Ах ты, матушка родима… не плачь, не рыдай…
Если я уйду навеки – то в Господень Рай…
А в Раю – поют павлины… да цветут цветы…
Там же, матушка родная, будешь со мной ты…
Ой, родимый мой сыночек!.. Не хочу я в Рай…
Ты на той войне горючей – ой, не умирай…
Ой ты матушка родима… матушка моя…
Что ж для смертушки горючей родила меня…
Ты прости, прости, сыночек… то твоя судьба…
Что для смертушки горючей родила тебя…
Оборвала песню. Слова, приходящие ниоткуда, снова ушли в никуда.
АЛЕНА И МОНАХИ
На другое утро она попросилась у Руслана отлучиться на сутки.
Не стреляли. Тишина висела в воздухе медленно летящим снеговым флагом.
Она поехала – на чеченской попутке, на старом «уазике», на дороге поймала, руку потянула и остановила, – в заброшенный в горах старый православный монастырь.
Ей сказали: в монастыре живут три монаха, стены почти развалились, там и храмы сохранились, и кельи в пещерах. На праздники верующий народ со всех гор туда движется. Даже сейчас тащится, во время войны. И пули им нипочем… молельникам.
Перед разрушенными, похожими на гнилые зубы, кирпичными воротами Алена глубже надвинула пилотку на лоб и смущенно перекрестилась, будто клюнула себя щепотью: раз-два-три-четыре. Пошла по узкой тропинке, протоптанной в снегу.
Странная тишина. Не свистят пули, не грохочут разрывы.
Ни души. Никого. Шла медленно. Впервые на войне безоружная. «Моську» Руслану на хранение оставила.
Так загадала себе насмешливо: ну вот, молиться дура поехала, какое же тут, на молитве, оружие; если подстрелят птичку, это, значит, богу угодна моя смерть.
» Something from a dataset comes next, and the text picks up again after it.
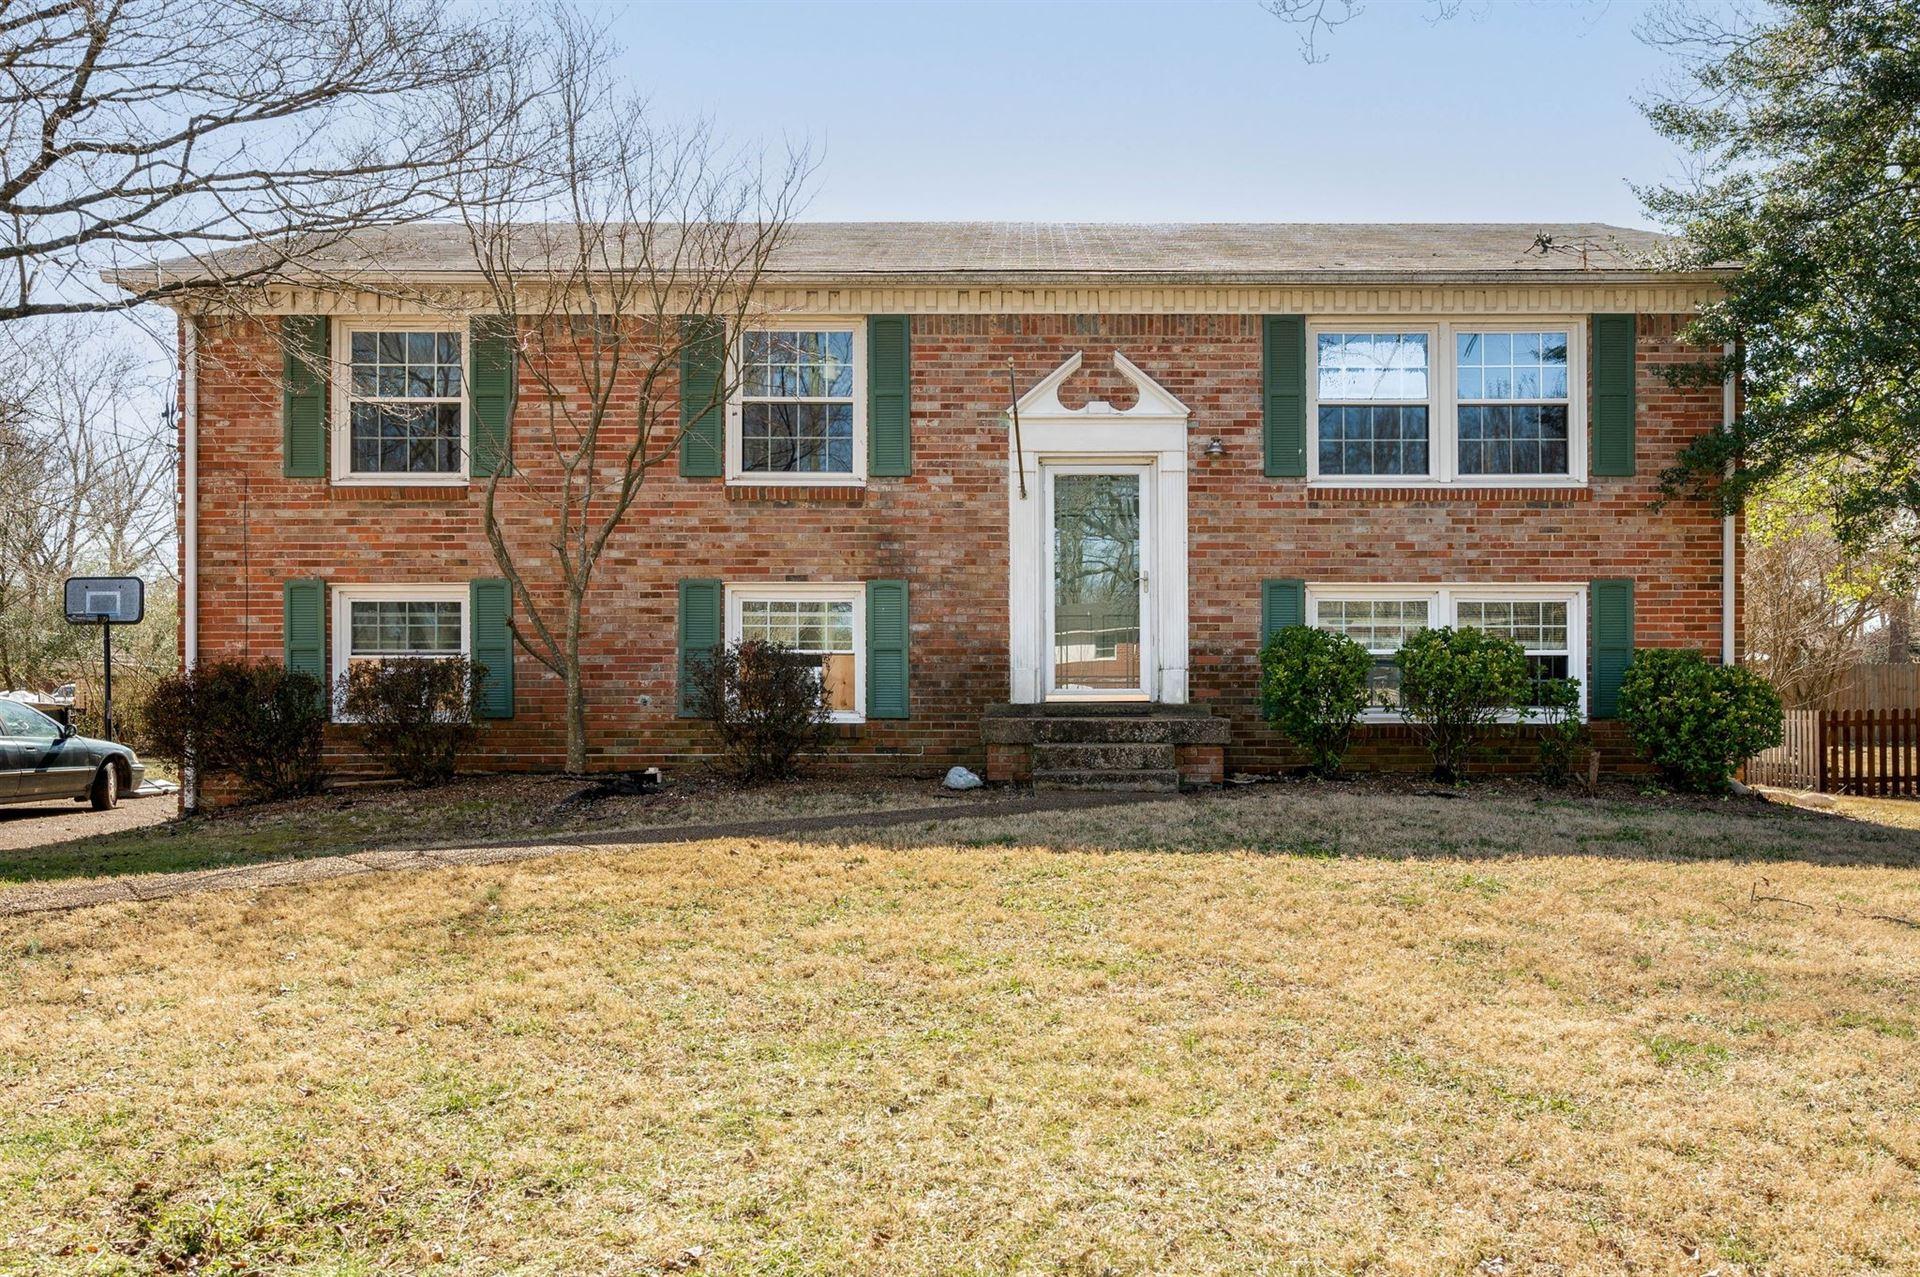 Photo of 1522 Foxdale Dr, Murfreesboro, TN 37130 (MLS # 2230013)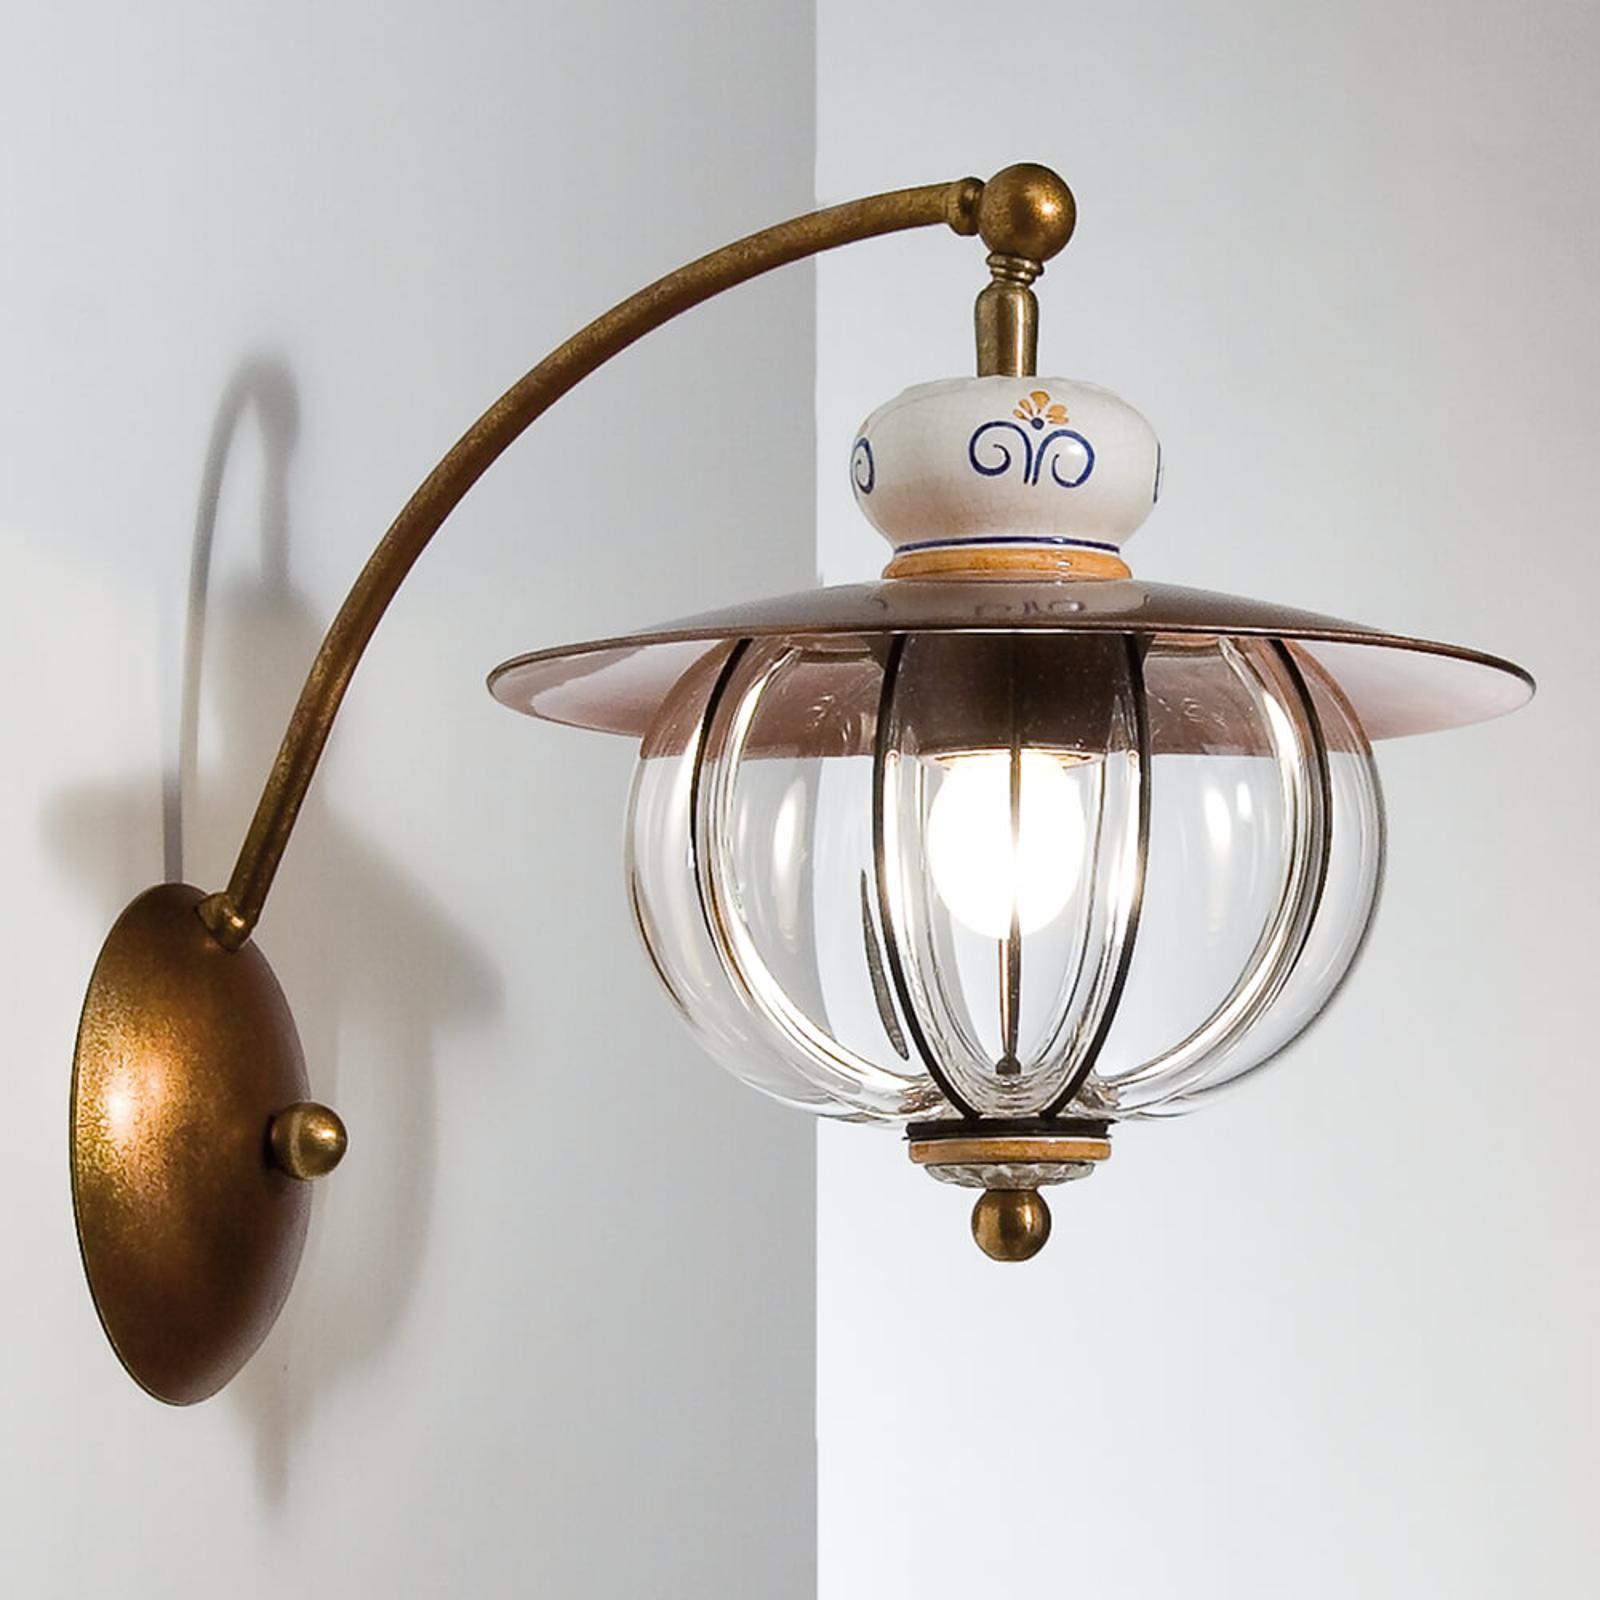 Uitnodigende wandlamp Lampara - hangemaakt

О своей смерти приучилась думать спокойно, как о чужой.
А о боге… Что о нем думать? Если все говорят, что он есть, значит, есть.
Шла по тропе, по истоптанному снегу. Никогда Алена не была верующей. Ее крестили очень давно, во младенчестве – мать сказала ей: ты орала без перерыва, все устали от твоих воплей, и бабушка Наталья сама понесла тебя в церковь – крестить. Алене было тогда два месяца от роду.
Почему она поехала сюда? Да еще без оружия, дура. Хоть бы пистолет у Руслана взяла.
Мо-лит-ва. Мо-лить-ся. Она шла по зимней тропе и повторяла эти слова как молитву.
Она не умела молиться. Ее никто молиться не учил. Ни бабушка Наталья – православным, ни баба Апа – татарским молитвам. Бабушки только вздыхали: был бы ребенок сыт и счастлив, вот лучшая молитва. Ребенок… Ре-бе-нок…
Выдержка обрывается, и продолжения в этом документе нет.